DATASET RECORDS =>
-*-*-

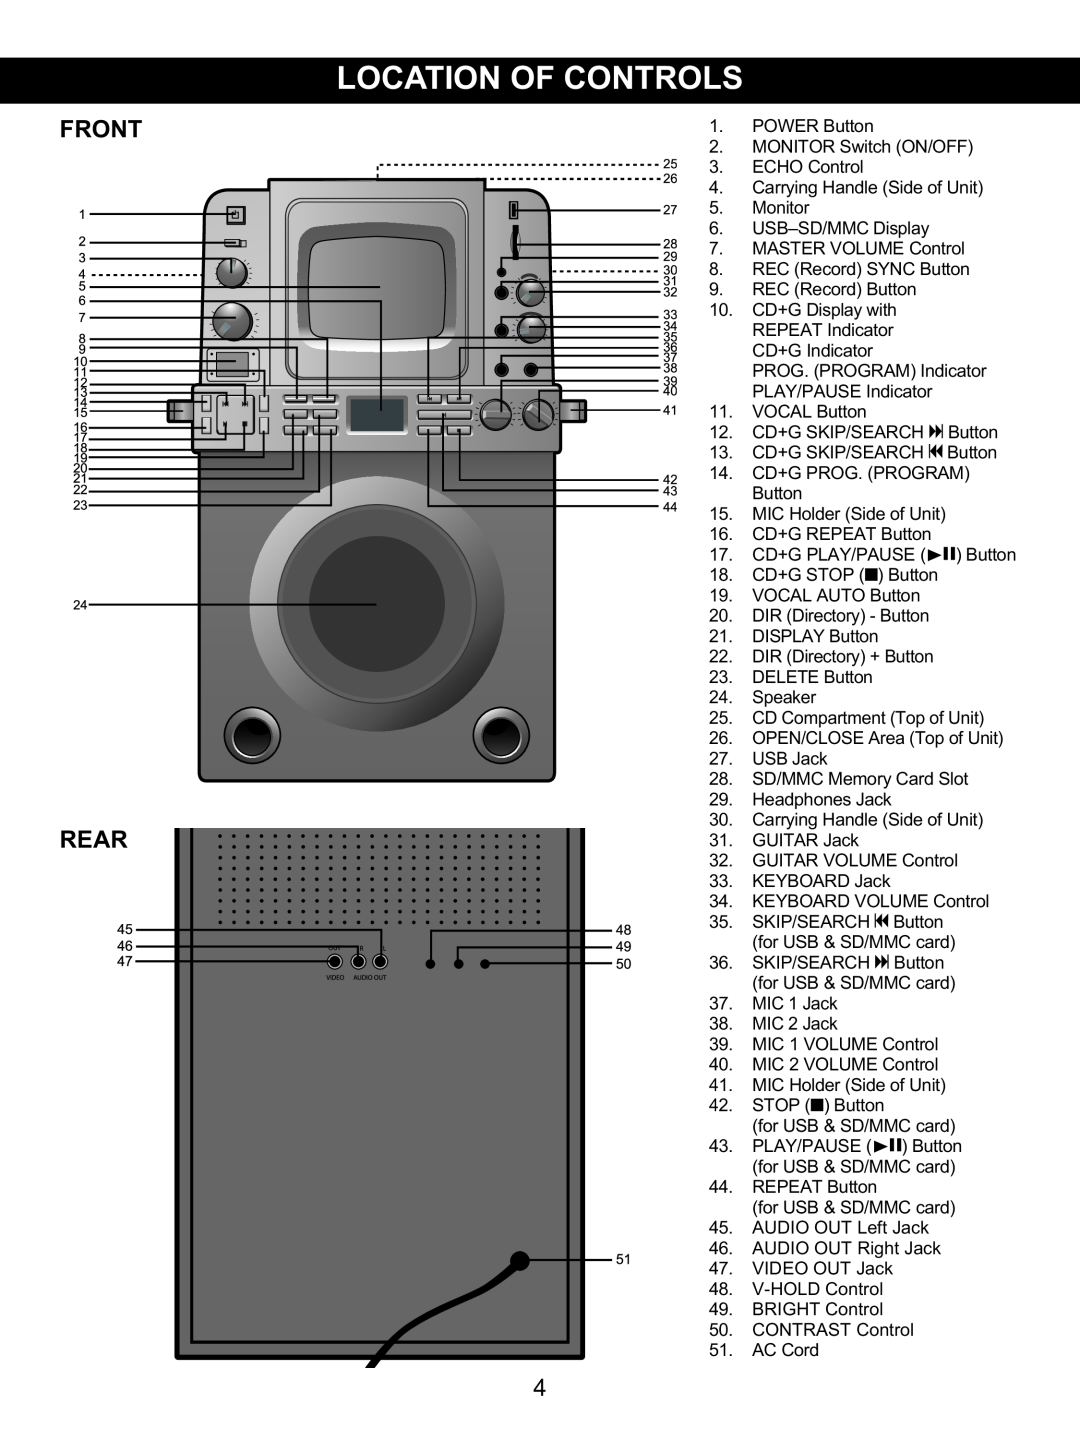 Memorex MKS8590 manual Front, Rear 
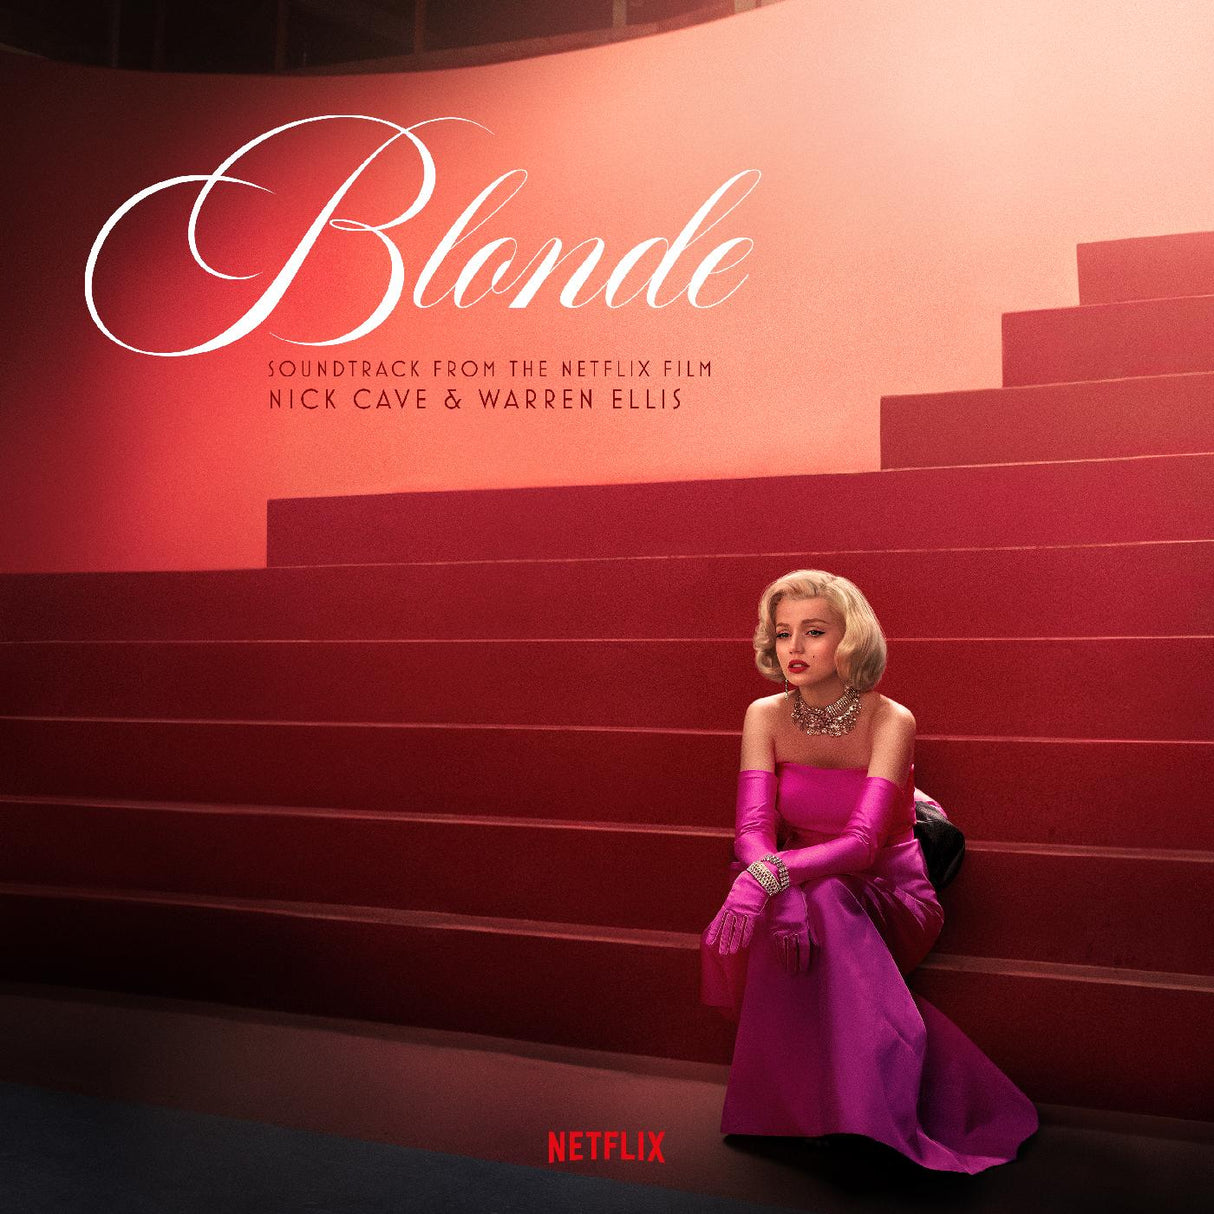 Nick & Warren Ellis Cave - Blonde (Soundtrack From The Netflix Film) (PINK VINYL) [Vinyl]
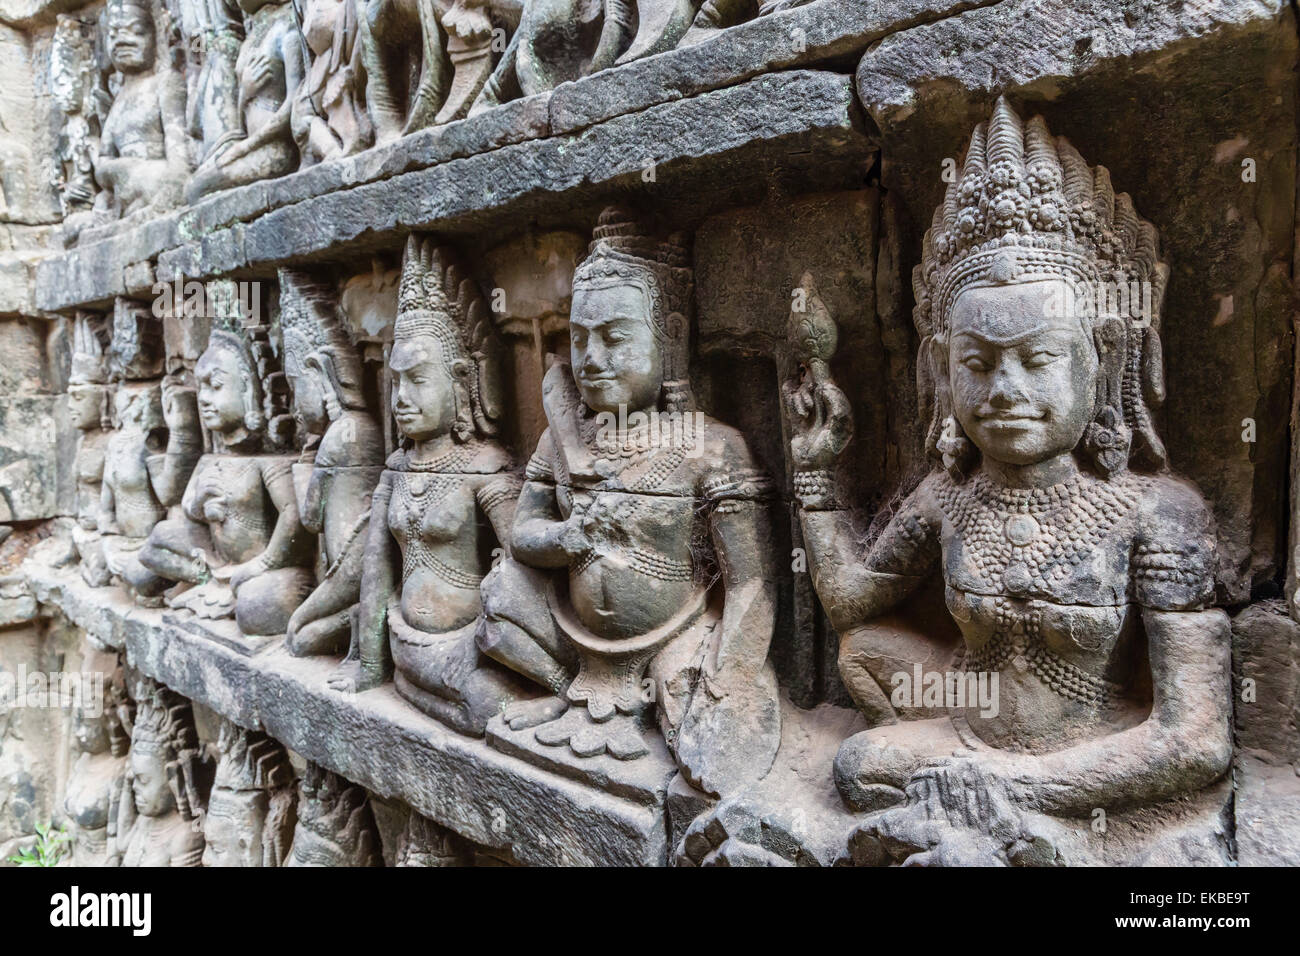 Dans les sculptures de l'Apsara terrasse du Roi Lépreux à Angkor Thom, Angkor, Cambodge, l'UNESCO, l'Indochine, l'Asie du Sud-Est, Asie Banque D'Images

-*-*-

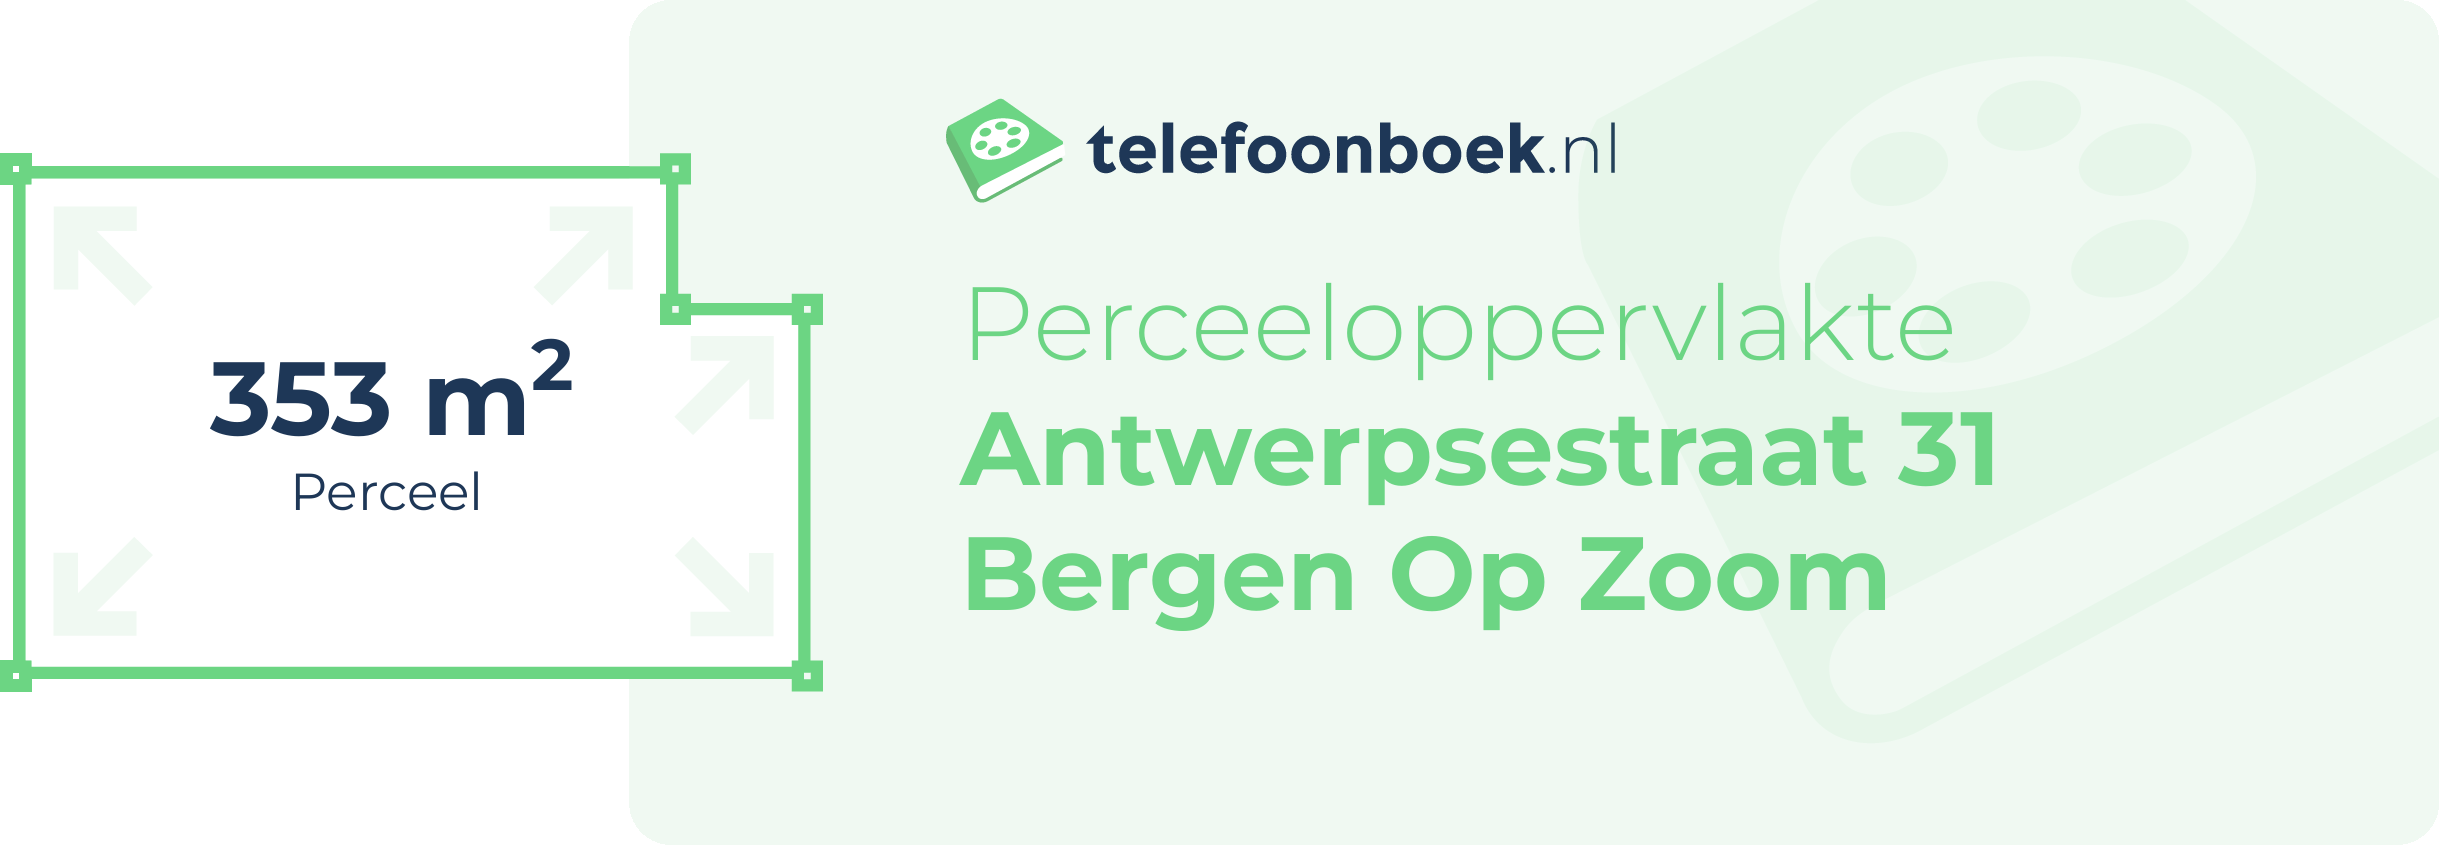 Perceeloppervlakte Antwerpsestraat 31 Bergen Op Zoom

-*-*-

TASK DESCRIPTION => Above is the material; set down exactly its lines from the one containing "Nick & Warren" down to the one containing "Dans les sculptures", both included, leaving out any pictures.

OUTPUT FOR THIS TASK =>
 Nick & Warren Ellis Cave - Blonde (Soundtrack From The Netflix Film) (PINK VINYL) [Vinyl]
 Dans les sculptures de l'Apsara terrasse du Roi Lépreux à Angkor Thom, Angkor, Cambodge, l'UNESCO, l'Indochine, l'Asie du Sud-Est, Asie Banque D'Images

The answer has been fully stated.